The figure comes from Property Claim Services and does not include claims paid by the National Flood Insurance Program, which could add another $7 billion to the tab, Hartwig said. The total, which was made up of claims from 1.52 million policyholders, makes Sandy the third most costly hurricane in U.S. history, he said, falling behind hurricanes Andrew and Katrina.

Hartwig's comments came during a presentation he gave as part of Munich Re's review of natural catastrophes in the first half of the year. Munich Re found that natural catastrophes in the first half of the year across the globe tallied insured losses of about $13 billion. Insured losses from events in the U.S. during the first six months totaled about $8 billion, with the vast majority of that coming from severe thunderstorms.
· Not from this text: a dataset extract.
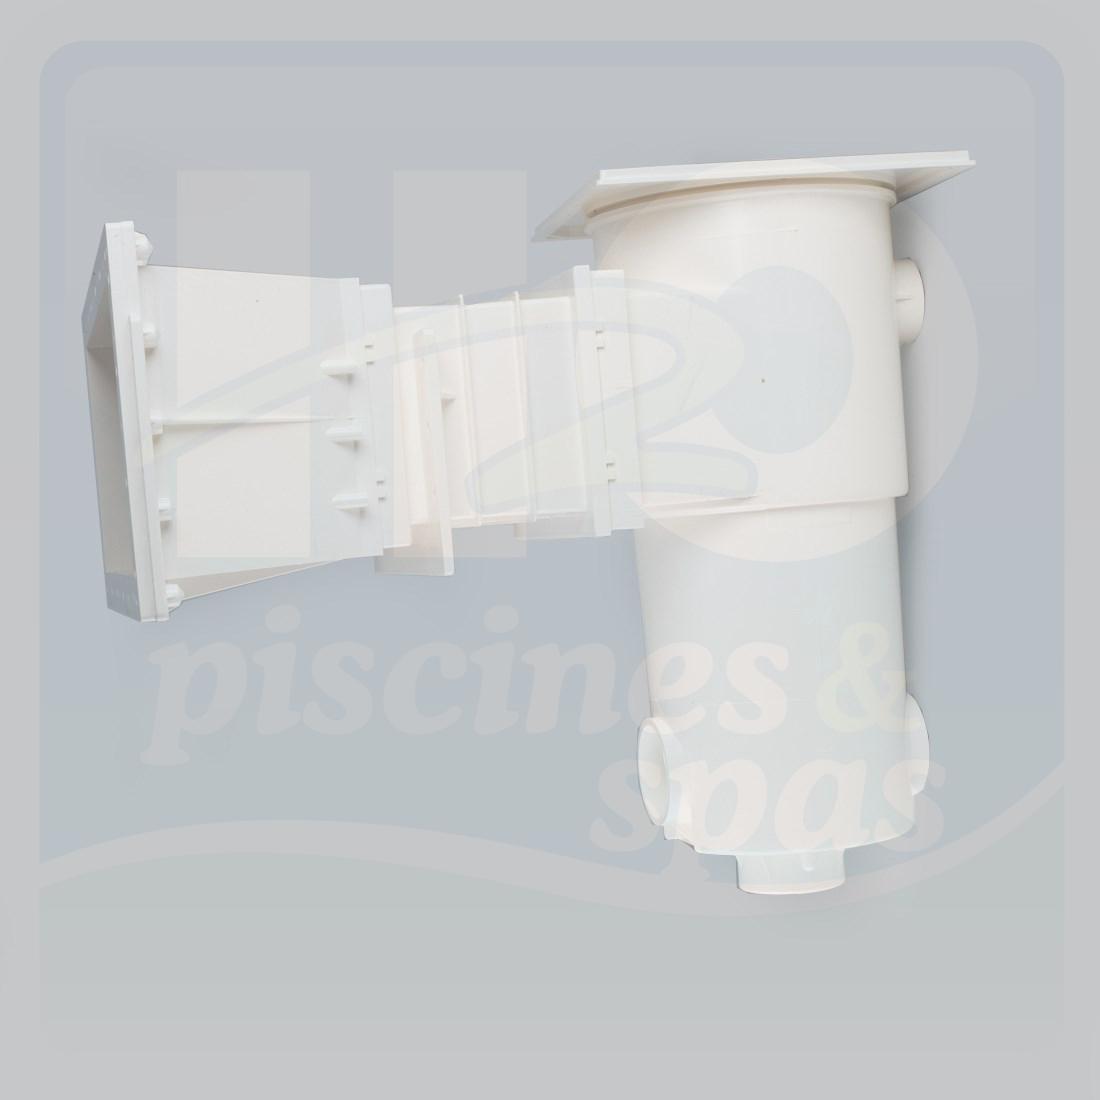 Skimmer AQUAREVA long Grande meurtrire pour piscine bois de 45 mm Blanc H2o Piscines& Spas # Piscine Bois Blanc

Sandy's cost fell right in the middle of the overall range of $10 billion to $25 billion given by catastrophe modelers. Eqecat gave a range of $10 billion to $20 billion, and RMS estimated $20 billion to $25 billion. AIR Worldwide pegged the losses at $16 billion to $22 billion.

Dollars paid out to commercial lines made up nearly half of Sandy's cost, according to Hartwig's presentation, but made up only about 13% of the number of claims. The average Sandy-related commercial lines payout was about $44,600, while the average homeowners' payout was about $6,600. The average vehicle claim was about $11,000 and the average NFIP payout was about $52,000.
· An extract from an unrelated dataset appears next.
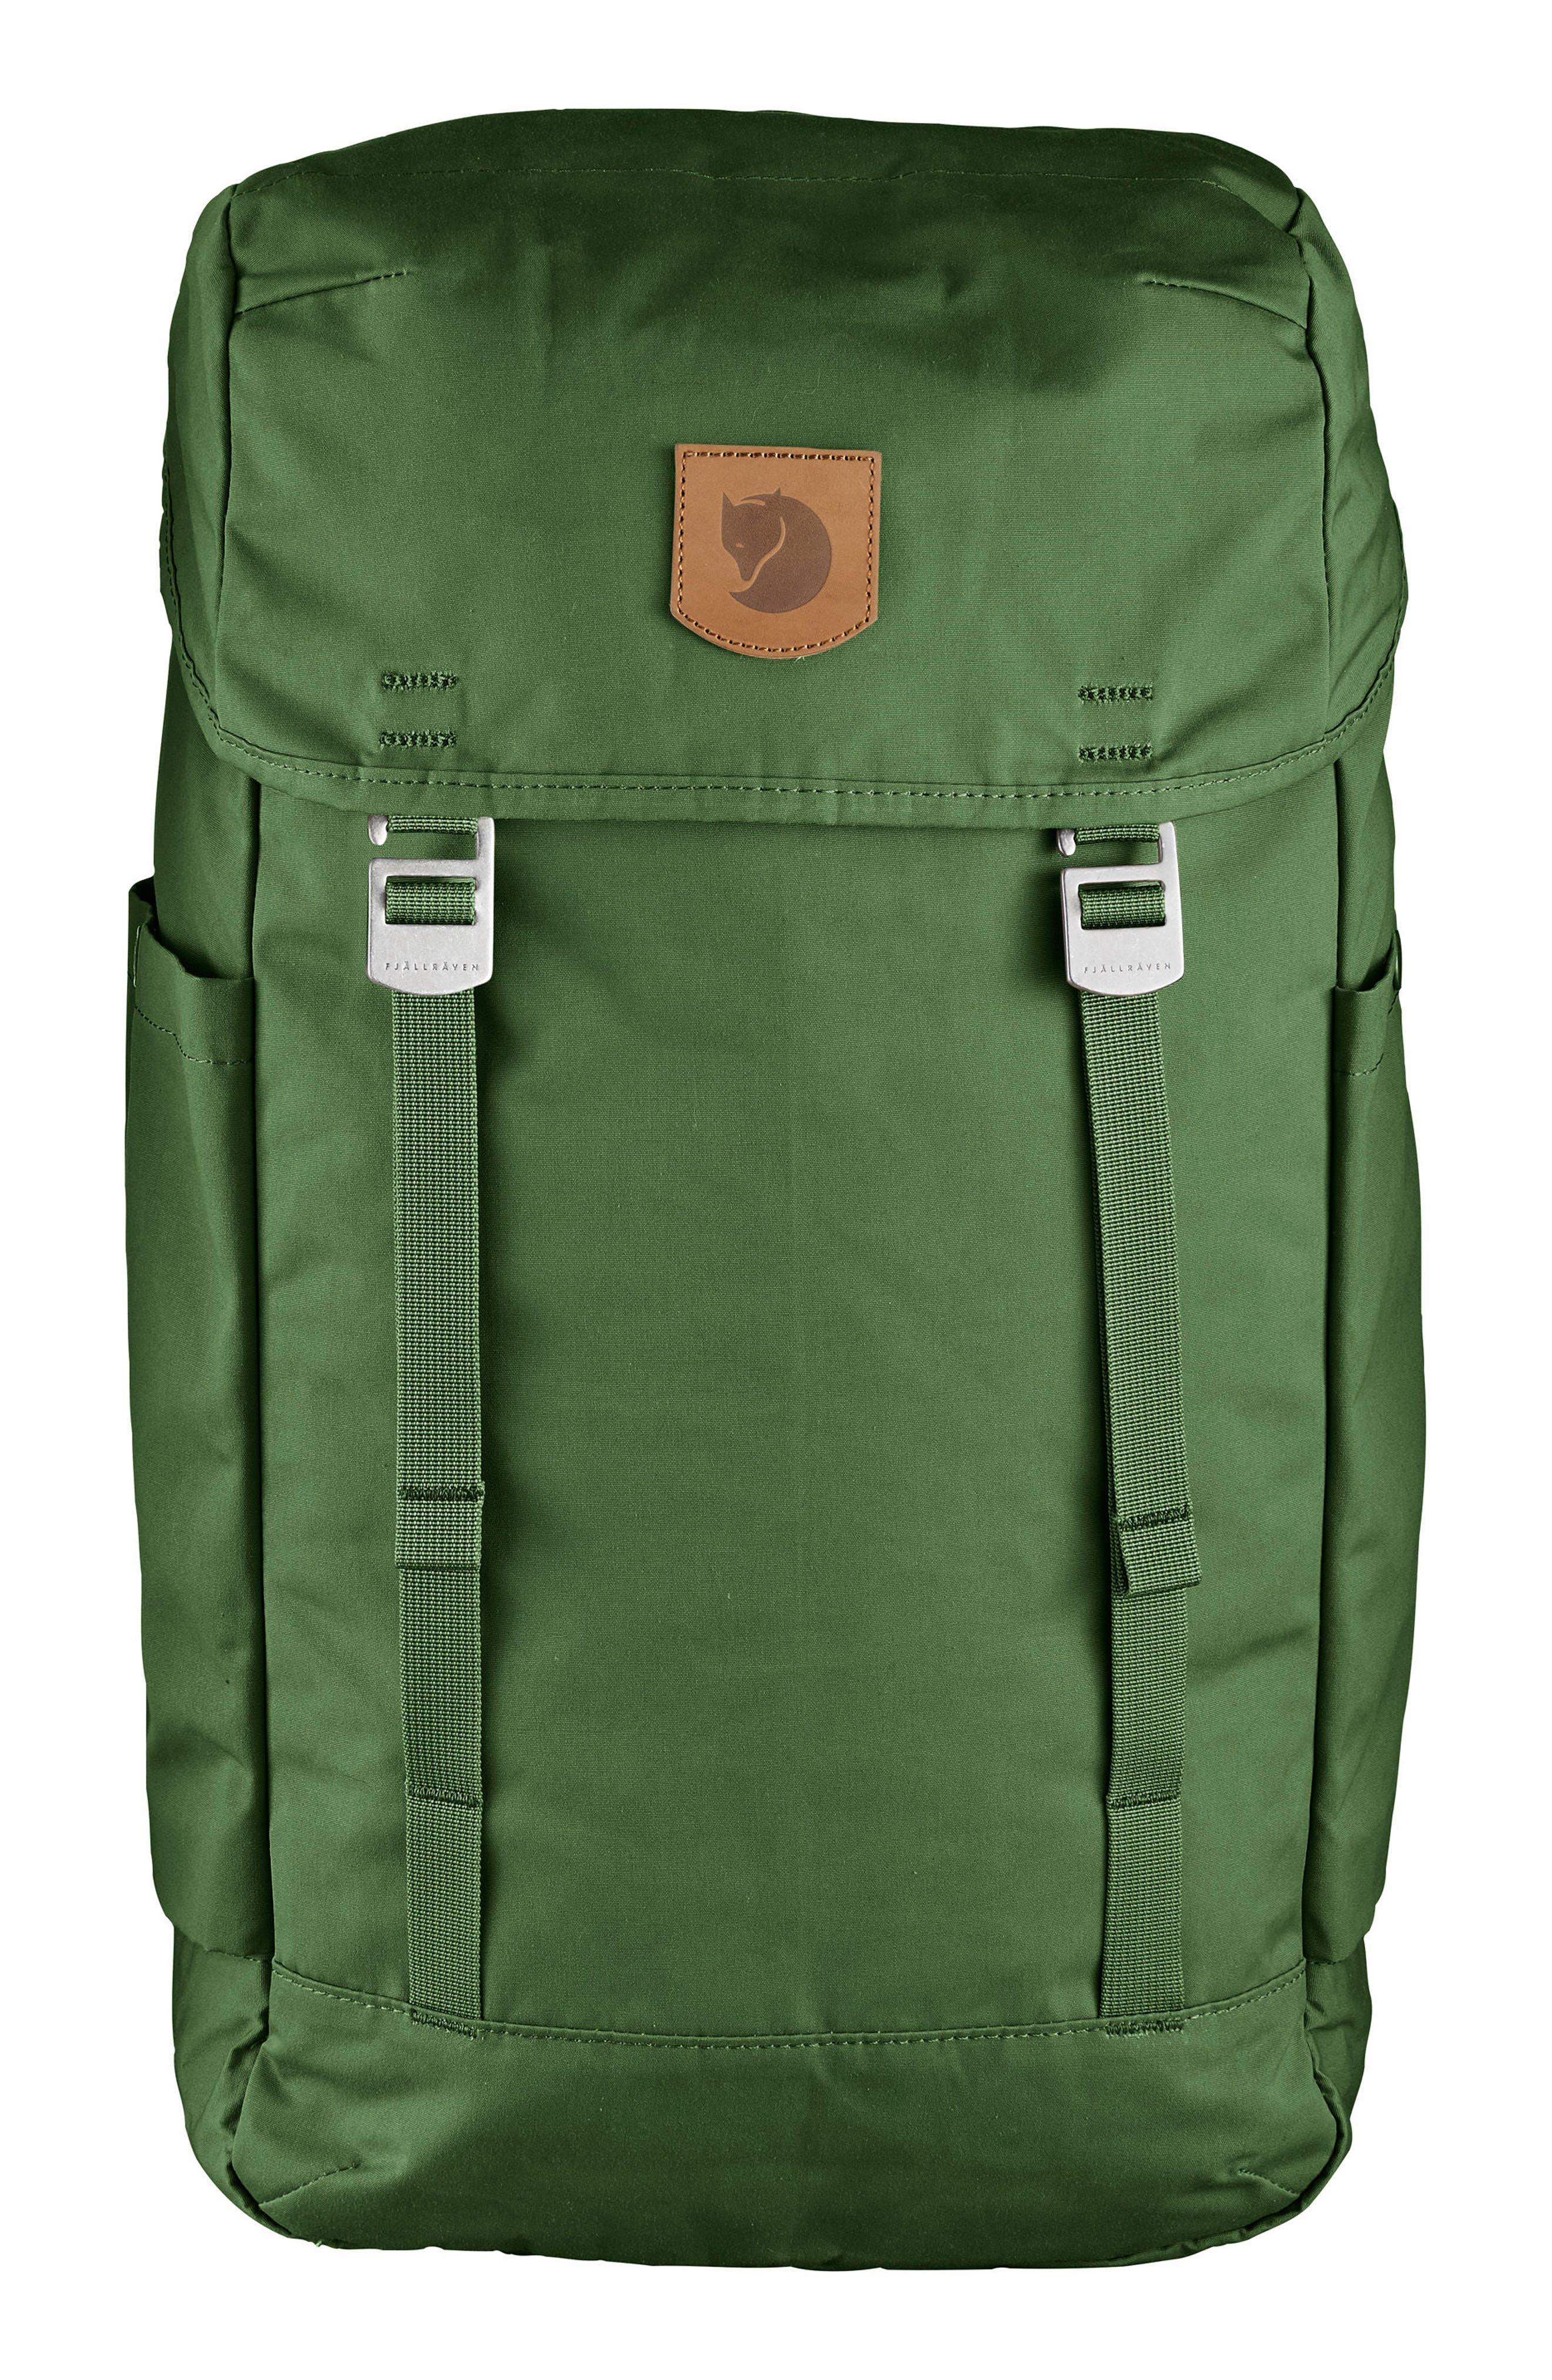 Greenland Large Backpack,                         Main,                         color, FERN

Some claims came in less expensive than expected, leading to reserve releases that helped to elevate the underwriting performance of the U.S. property/casualty industry in the first quarter, Hartwig said. He said the industry turned in a 94.8 combined ratio for the first quarter of 2013, but he expects the figure to rise for the first half of the year when second quarter numbers come in over the next few weeks. The rise will be primarily due to increased catastrophes, he said.

"But the (first half) number will be substantially lower than what we saw in 2011 or 2012," Hartwig said. "That is largely due to lower catastrophe losses, although I will say in the first part of 2013 some of this is associated with reserve releases associated with Hurricane Sandy losses, which came in somewhat below what some insurers expected."